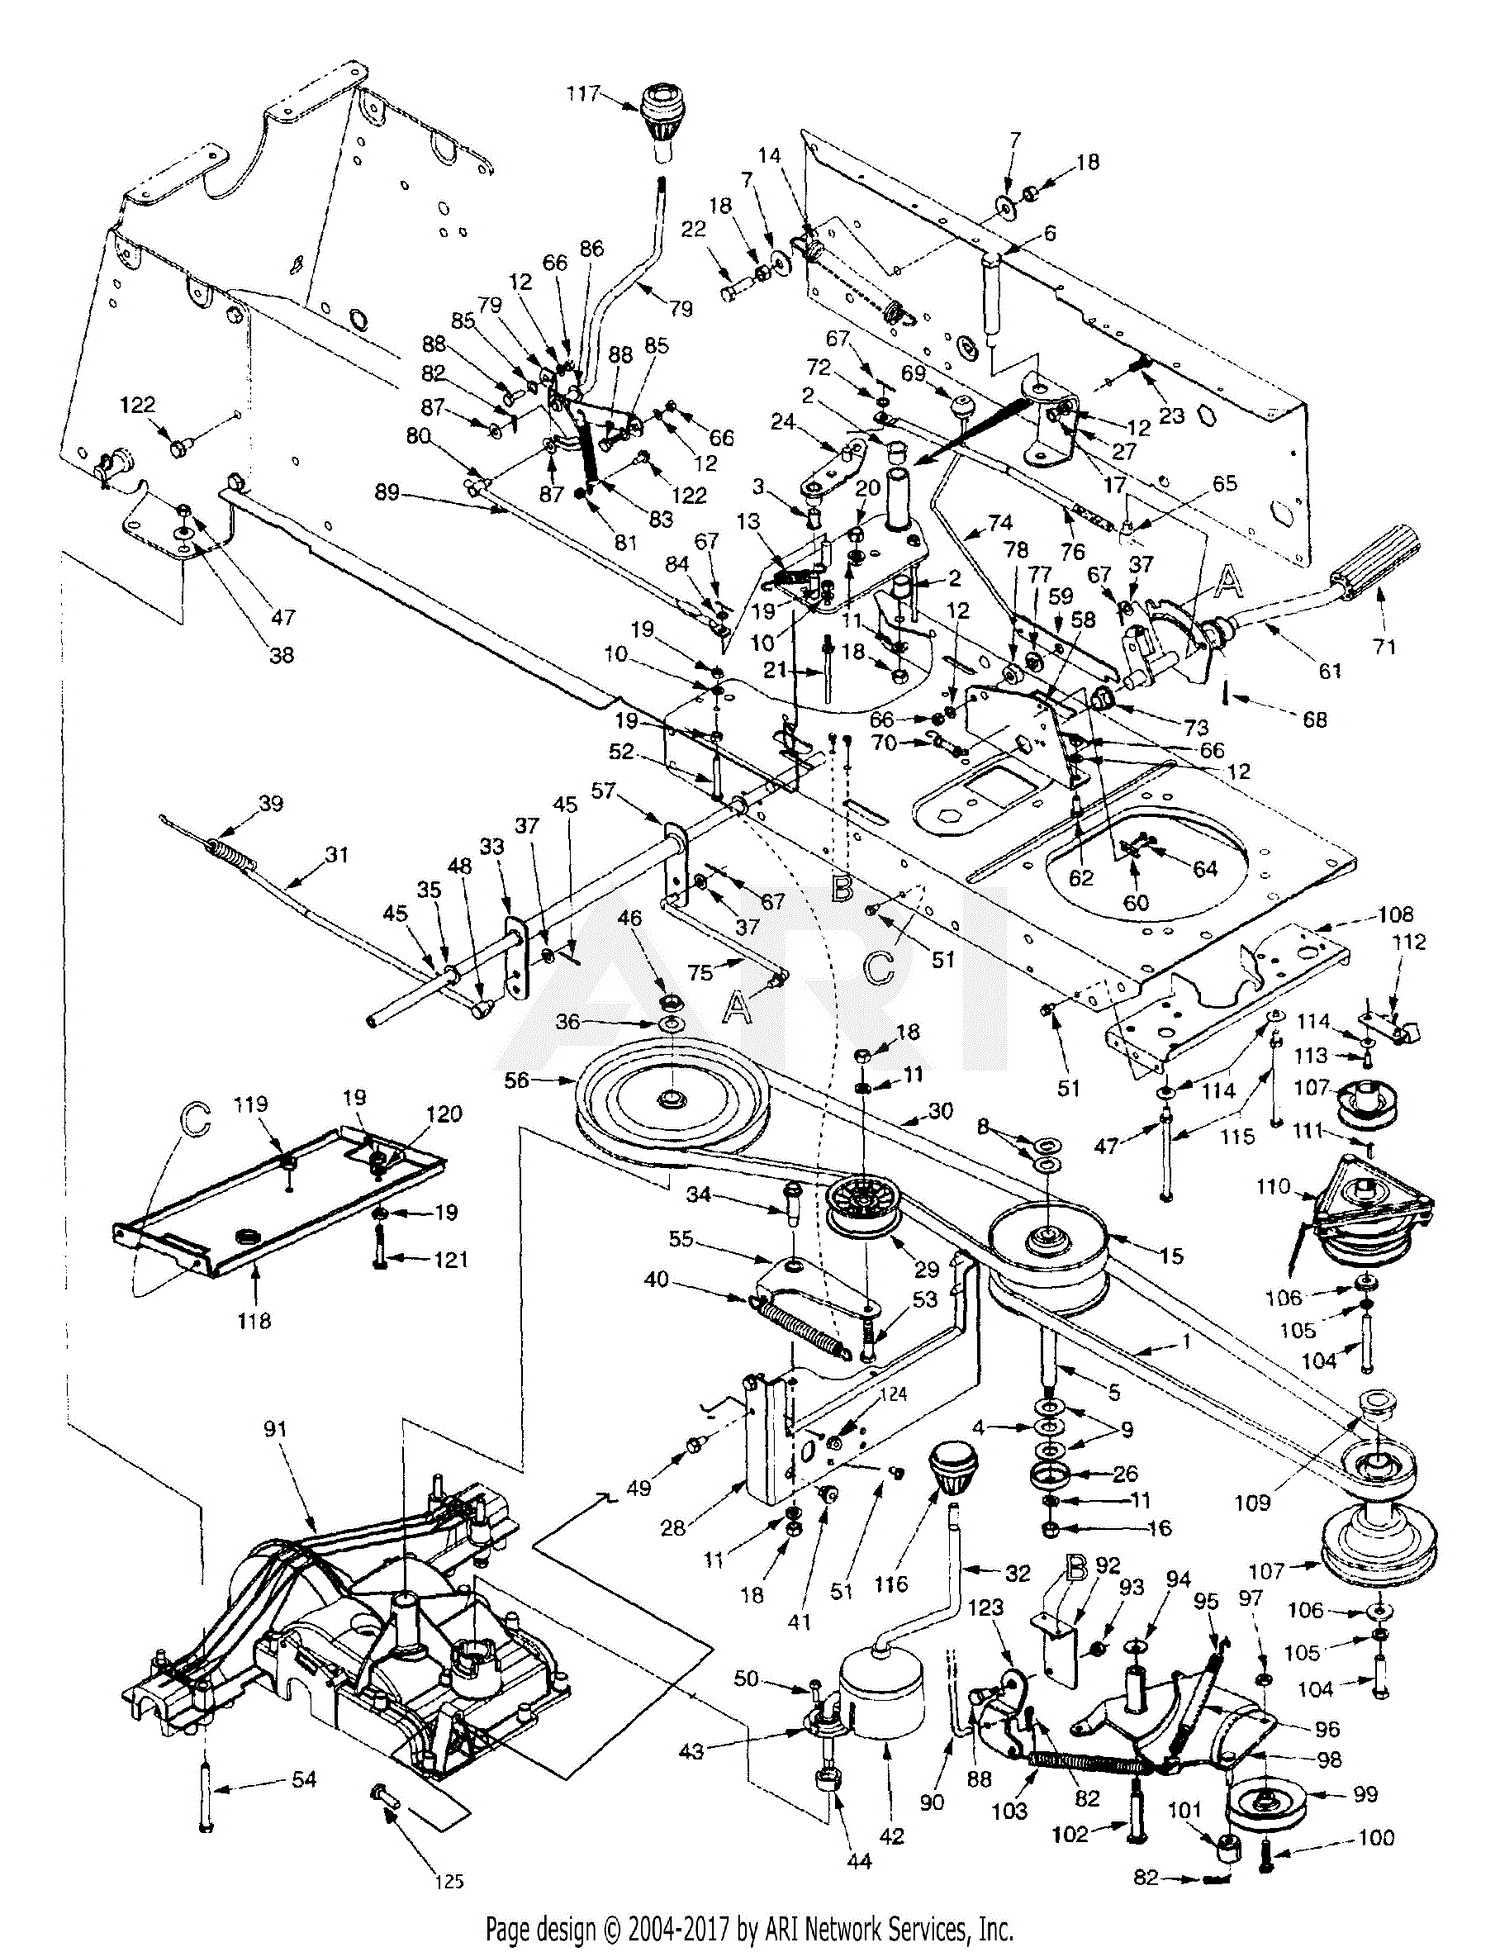 Huskee Riding Lawn Mower Parts Diagram Wiring Diagram Database
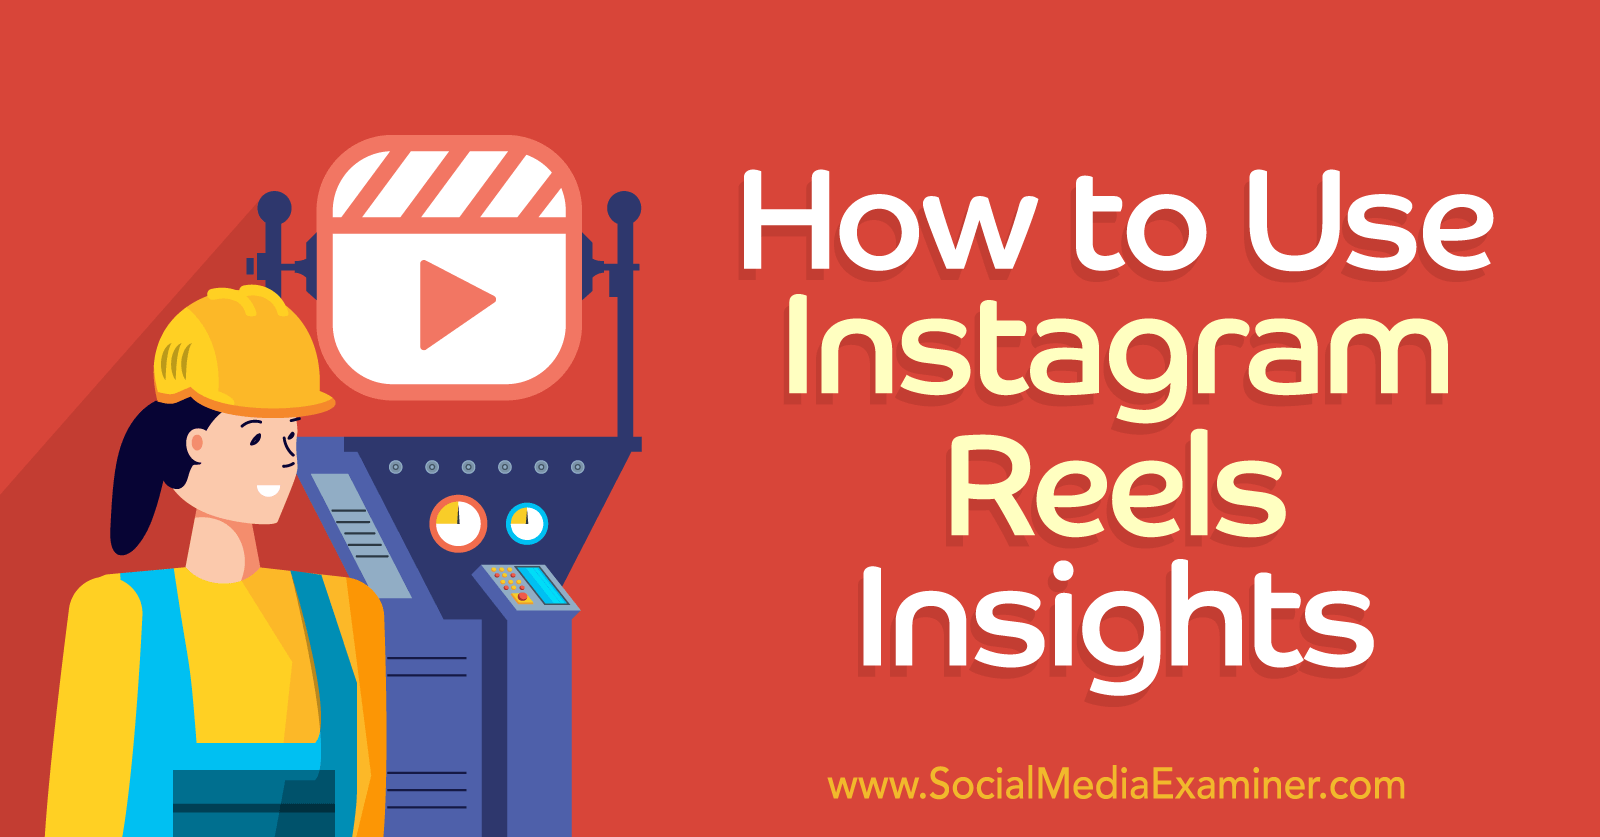 How to Use Instagram Reels Insights-Social Media Examiner
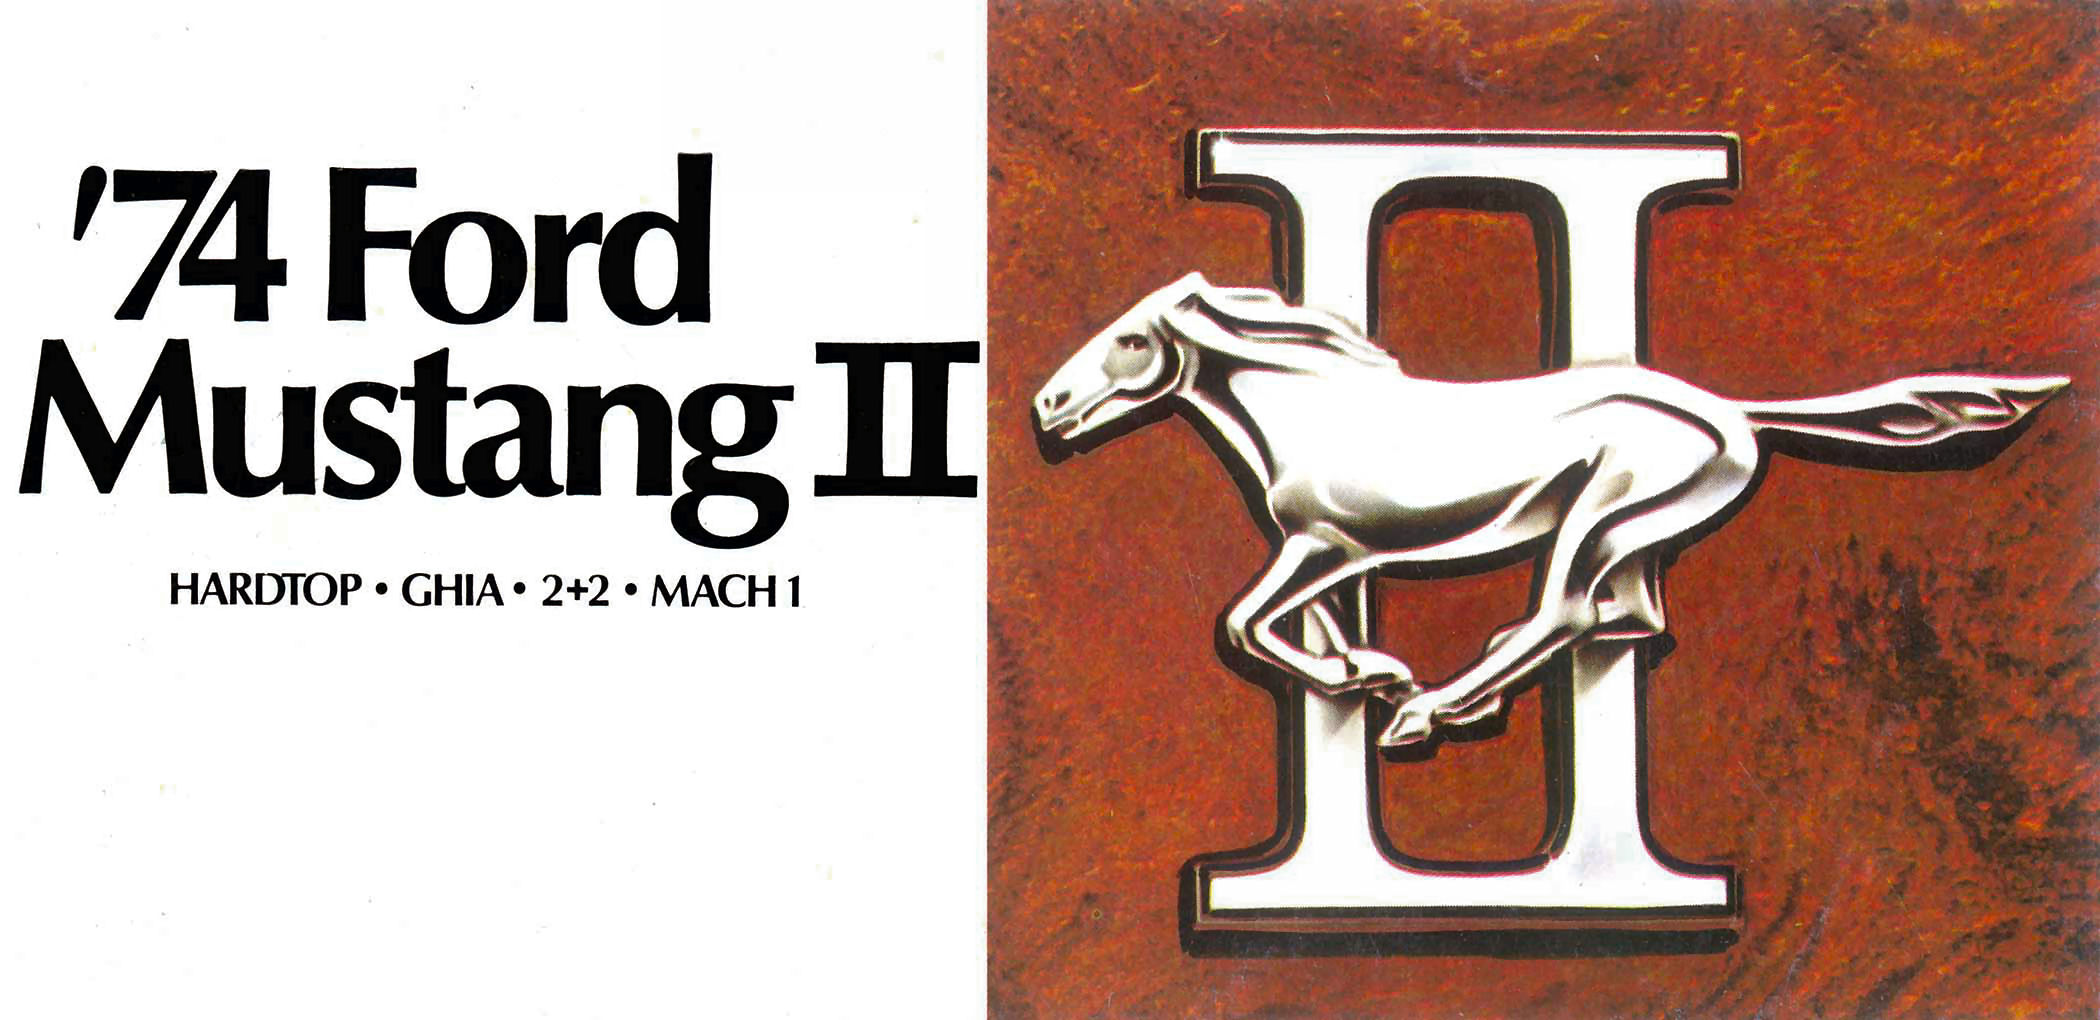 1974_Mustang_II_Folder-01

Task objective. Reproduce, word for word, the lines from the one containing "How to Use Instagram" through the final line above. Leave every picture out.

Solution to this exercise.
 How to Use Instagram Reels Insights-Social Media Examiner
 1974_Mustang_II_Folder-01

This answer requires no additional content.